LLM agents follow-up: exploration, RLHF, and more
How does autonomy of language models relate to data collection.
This article heavily follows Wednesday's post on LLM Agents. Again, more than two-thirds of this post is free, just with a conclusion under the paywall.
At some point, people will get a grip on how large language models (LLMs) interact with users and environments to generate new data. We are very far from that case. Right now, some feedback systems exist using large language models (LLMs), but the data flow and understanding are extremely lacking. The information flow primarily is tailored by people controlling behavior via prompts and other interconnects of LLMs with data sources (e.g. search engines or vector databases) not an understanding of feedback.
As the goals of these models become broader, the models will need to be let off the leash to see if they can solve more open-ended problems. The vision here, for LLM agents, has to be that the agent eventually can even try things that you're not sure it can do.
The drive for open-ended operation, in the search for ultimate capabilities, is implicit in the risks I view for these models. It is the countervailing force balancing the integration dead ends. The researchers will inevitably take the gloves off.
AI-safety arguments aside, so we assume some basic things need to be off-limits for the model (restricted to certain sites, constraints on the speed of action via built-in lag, and more), there is a huge open space here. In my article on hallucinations, where I began thinking about the potential risks of playing in this space:
Coming at LLMs from a robotics and decision-making background makes me feel duty-bound to have a distinction between hallucinations and exploration in data collection. I don’t. Hallucinating in relatively narrow-scoped sampling domains like robotic control seems beneficial and very similar to exploration methods. This does not necessarily scale when the actions are taken on the internet scale, or the mouse and keyboard input scale. If you give the model full access to the normal input-output tools humans use with computers, you really don't want them pressing random combinations of keys. This intuitively feels closer to the factual answers issue with hallucination, but not quite. I'm wondering if this intuitive gap is just because training practices on language data, rather than action data, are so much better defined.
On the other hand, factual errors also can just seem similar to when a planning-based policy selects the wrong action. The model probably has all the information to know that Obama was inaugurated in 2009, but sometimes it'll sample wrong. In some domains, trying new things gives you insight into valuable new data. Interacting with users obsessed with information retrieval is not that type. I suspect that hallucinations are not talked about as much in real-world decision-making domains because the failures will be looped into other types of analysis: Was the value prediction wrong, were the predicted trajectories wrong, etc? Hallucinations in grounded domains may be easier to analyze than language!
The phase that I am at is coming up with those axes for failures in LLM agents. To do so effectively, we need to have a clearer conversation about the applications that LLMs will actually be useful for. With this, we need to be able to describe the ways that LLM agents can fail and the impacts of those failures. This two-horse dance may have been characterizable if models were static -- ie predicting if failure modes will occur across applications, which I think they will -- but as even the most popular models are changed without version control, we're flying in head first.
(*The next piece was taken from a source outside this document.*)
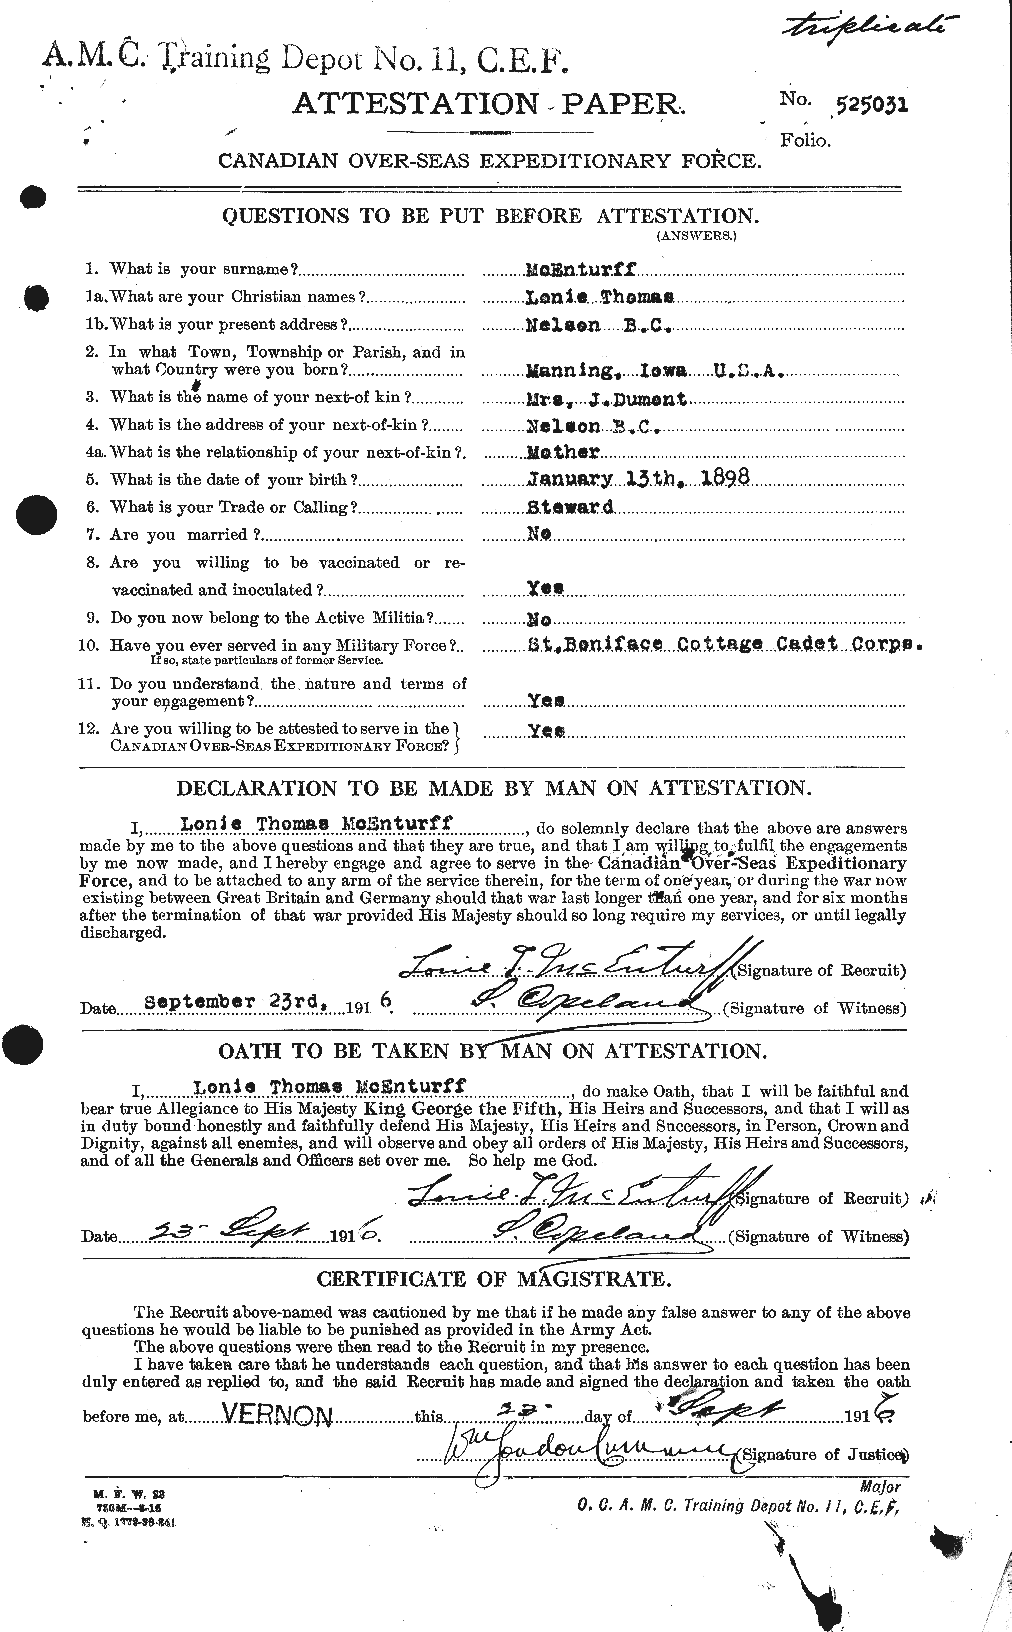 Personnel Records of the First World War - CEF 522152a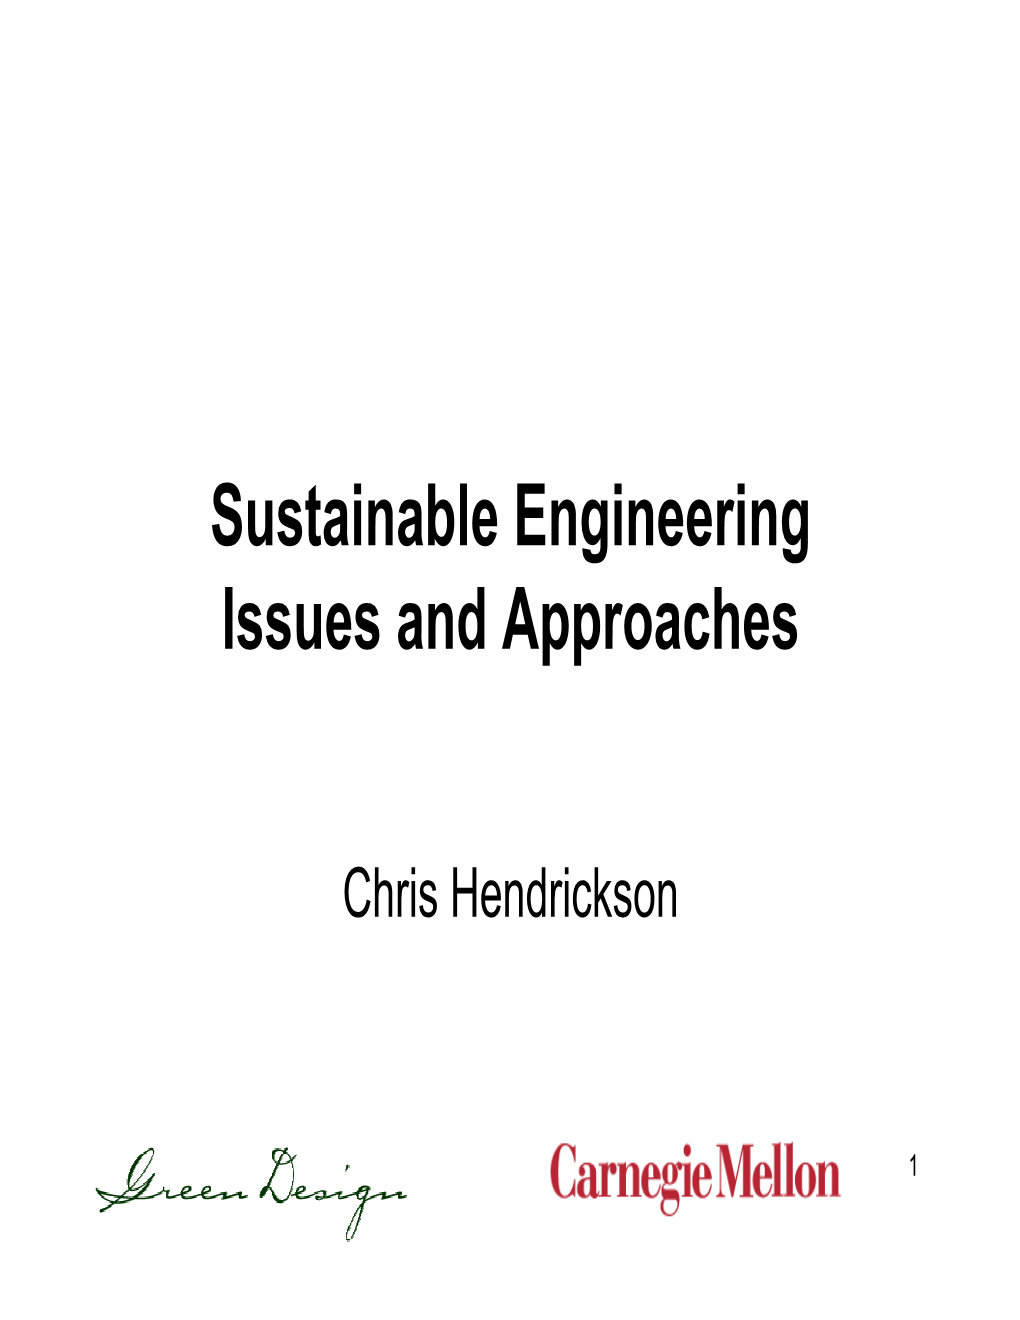 Sustainable Engineering Issues and Approaches

This will quickly become another area where the taxonomy used in the technical feed-driving techniques people are using is quickly divorced from the general discussion at hand. Exploration in the RL field is a fairly well-understood term. In the context of language models, exploration is almost never discussed. These systems were released to the world in a form where the scope of their use is defined narrowly, so changing that is intellectually tricky for most users to track.
In this vein, I'm not so worried about the technical constraints needed to do this, it just seems like enabling LLMs to take action is going to charge ahead into an even stranger discourse around these technologies.
Exploration and RLHF
As reinforcement learning from human feedback (RLHF) is nearly the table stakes these days for making a compelling chatbot, it's surprising that it isn't discussed more -- exploration is one of the core topics in the field of RL. Exploration is the idea of how an agent gathers new data to improve its policy. In RLHF, this exploration seems to be primarily handled in the training process, where the policy changes the data it encounters and how it will generate in the future. In everything I've seen, while the exploration vs. exploitation tradeoff can never be removed from the training of an RL algorithm (there are core hyperparameters that dictate that), the evaluations and training runs I've seen do not take the exploration framing.
At its core, exploration is required to gather new data to solve a task. With how RLHF is done today, which is primarily about extracting preference data from an aggregate reward model, this makes sense. RL in RLHF has a much more narrow framing than the intellectual foundations of RL would let on. RL research on exploration is around creating intrinsic rewards, optimizing information gain, skill learning / diversity, and more.
I suspect this gap is changing in experiments, where exploration is actively going to be used for completing tasks in addition to human preference labels. Then, giving your LLM the ability to act and optimize the full loop, seems crucial.